Roma, 9 nov. (Labitalia) – "Nel periodo tra luglio e ottobre 2020 il settore ha subito perdite complessive per circa il 75% rispetto al 2019. E’ quindi necessario offrire strumenti concreti di ristoro delle perdite subite adottando misure immediate, che tengano conto delle specificità del settore e che si aggiungano a quelle che il Governo ha emanato e sta emanando per la generalità delle imprese. In riferimento alle previsioni del 'Decreto Ristori' chiediamo l’ampliamento del contributo a fondo perduto portandolo ad almeno 300 mila euro, l’erogazione a tutti gli assistiti dal Servizio sanitario nazionale dei cicli di riabilitazione termale motoria e della funzione respiratoria, attualmente riconosciuti ai soli assicurati dell’Inail". Così Massimo Caputi, presidente Federterme in audizione al Senato Commissioni riunite 5a (Bilancio) e 6a (Finanze) nell'ambito dell'esame del disegno di legge n. 1994 (dl n. 137/2020)

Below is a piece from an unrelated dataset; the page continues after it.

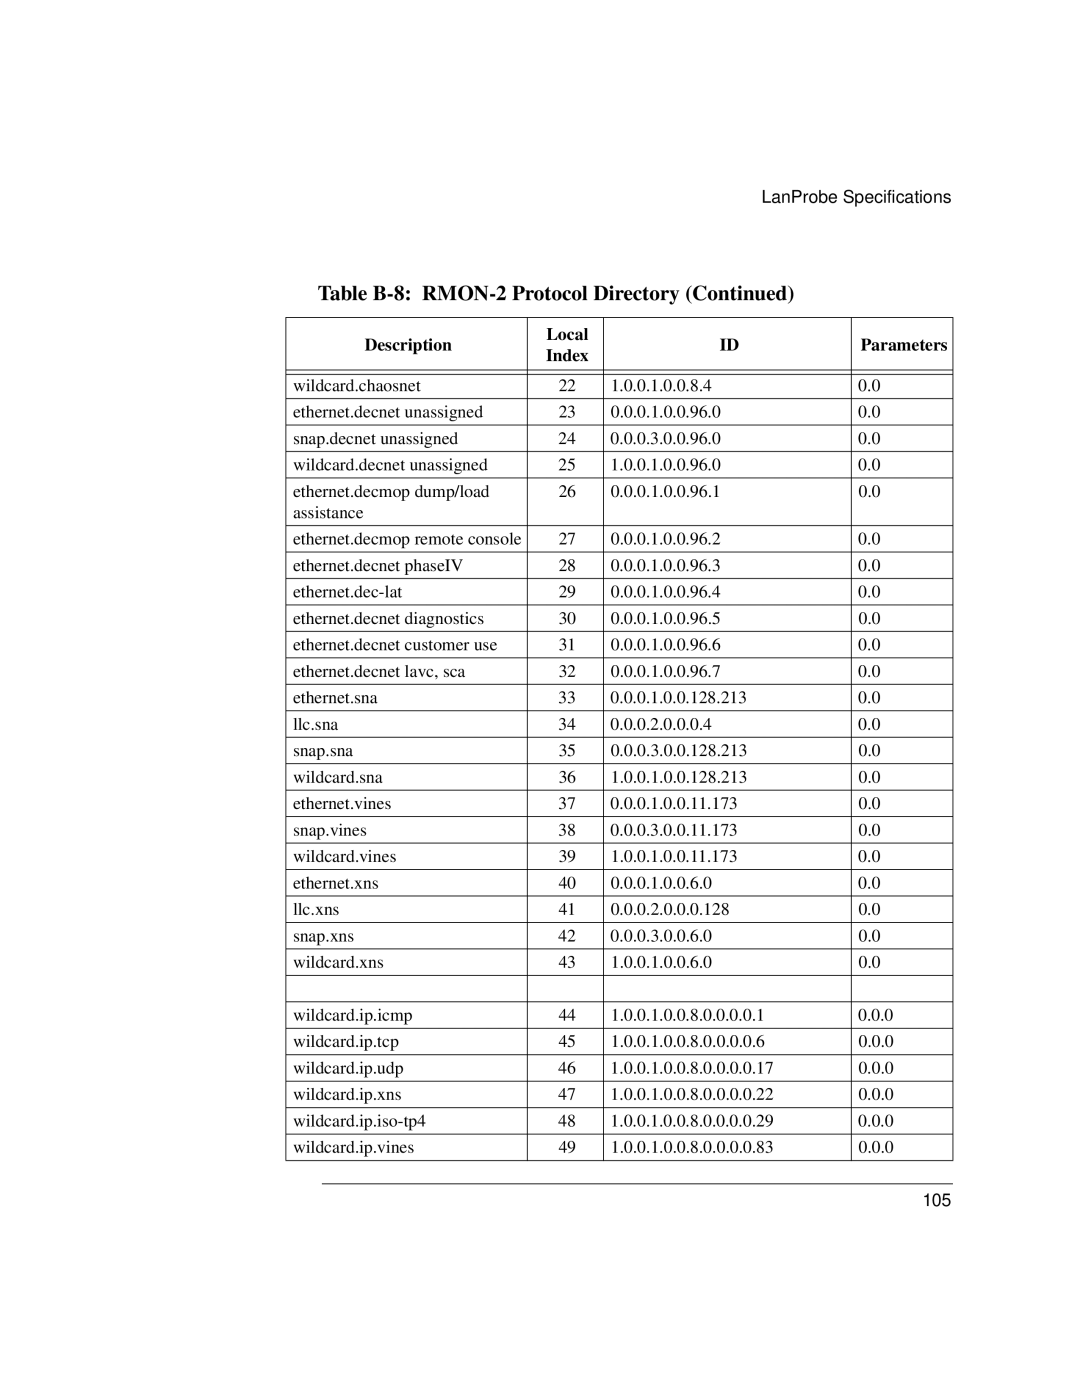 IBM 4986B LanProbe manual Table B-8 RMON-2 Protocol Directory Continued, Description, Local, Parameters, Index

"Per i datori di lavoro dei settori turistico e termale, l’esonero contributivo a favore delle aziende che non chiedono il trattamento di integrazione salariale per la totalità dei propri lavoratori deve essere riconosciuto -spiega ancora Caputi- per tutti i lavoratori delle terme e del turismo per i quali è cessato il trattamento di integrazione salariale, anche se tale trattamento prosegue per altri lavoratori dipendenti dal medesimo datore di lavoro al momento non richiamabili in servizio, la sospensione e rimodulazione canoni ed oneri fiscali tra cui i canoni di concessione mineraria per acque termali e l’eliminazione o rimodulazione della Ta.ri. per gli stabilimenti e alberghi termali", conclude.